ANN–GA Based Modeling of Mechanical Behavior in Nano Hybrid Biocomposites
Keywords:
Nano-hybrid biocomposites, Artificial neural networks, Genetic algorithm, Mechanical properties, Intelligent material modelingAbstract
The increasing demand for lightweight, high-performance, and sustainable materials has accelerated the development of nano-hybrid biocomposites for advanced engineering applications. However, their mechanical behavior is highly nonlinear and strongly influenced by multiple interacting parameters, including fiber content, nanoparticle loading, dispersion quality, and processing conditions. This study presents an integrated Artificial Neural Network (ANN) and Genetic Algorithm (GA) approach to model and optimize the mechanical performance of nano-hybrid biocomposites. Experimental datasets were generated through systematic variation of bio-fiber reinforcement and nanofiller content in a biodegradable polymer matrix.
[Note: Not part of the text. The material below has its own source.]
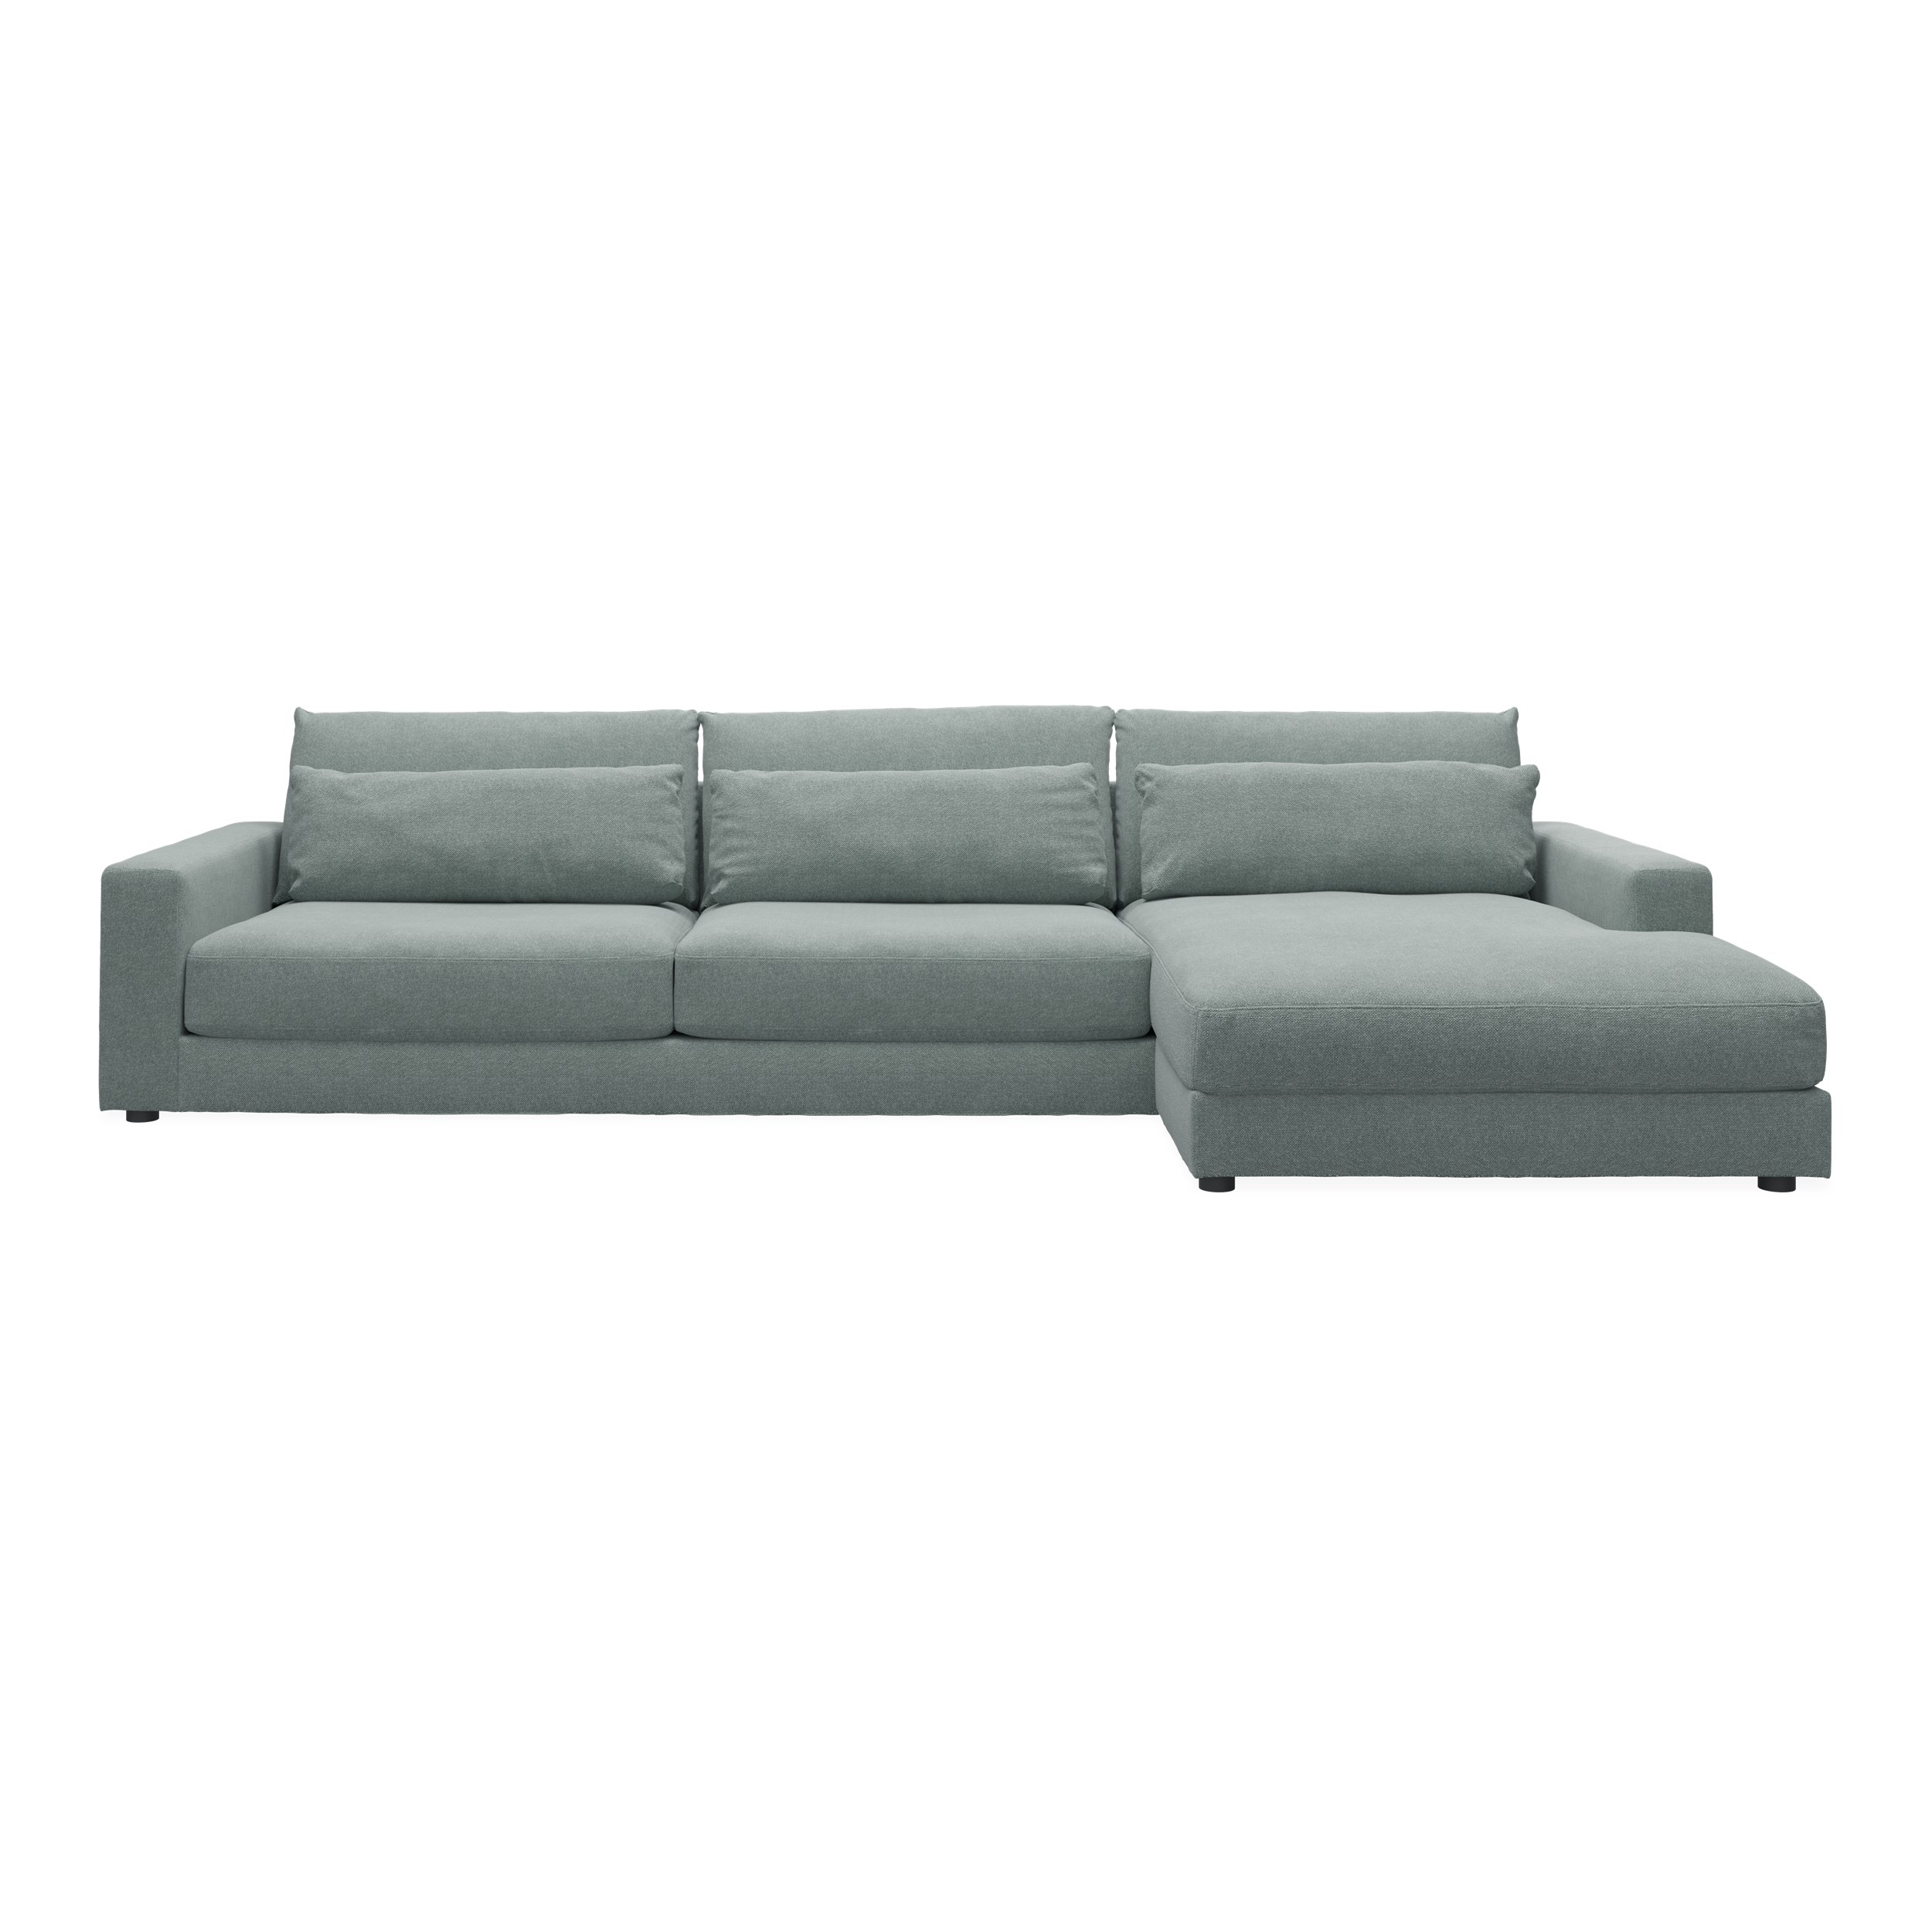 Halmstad högervänd soffa med schäslong - Rate 158 Niagara textil och ben i svart plast

Tensile, flexural, and impact properties were measured and used to train a multilayer feedforward ANN. The trained network demonstrated high predictive accuracy, with correlation coefficients exceeding 0.98. Subsequently, GA was employed to identify optimal material compositions maximizing strength and stiffness while maintaining impact resistance. The hybrid ANN–GA framework effectively captured complex nonlinear relationships and provided reliable optimization of biocomposite formulations. The proposed methodology offers a powerful tool for intelligent material design, reducing experimental cost and supporting the development of sustainable, high-performance composite systems.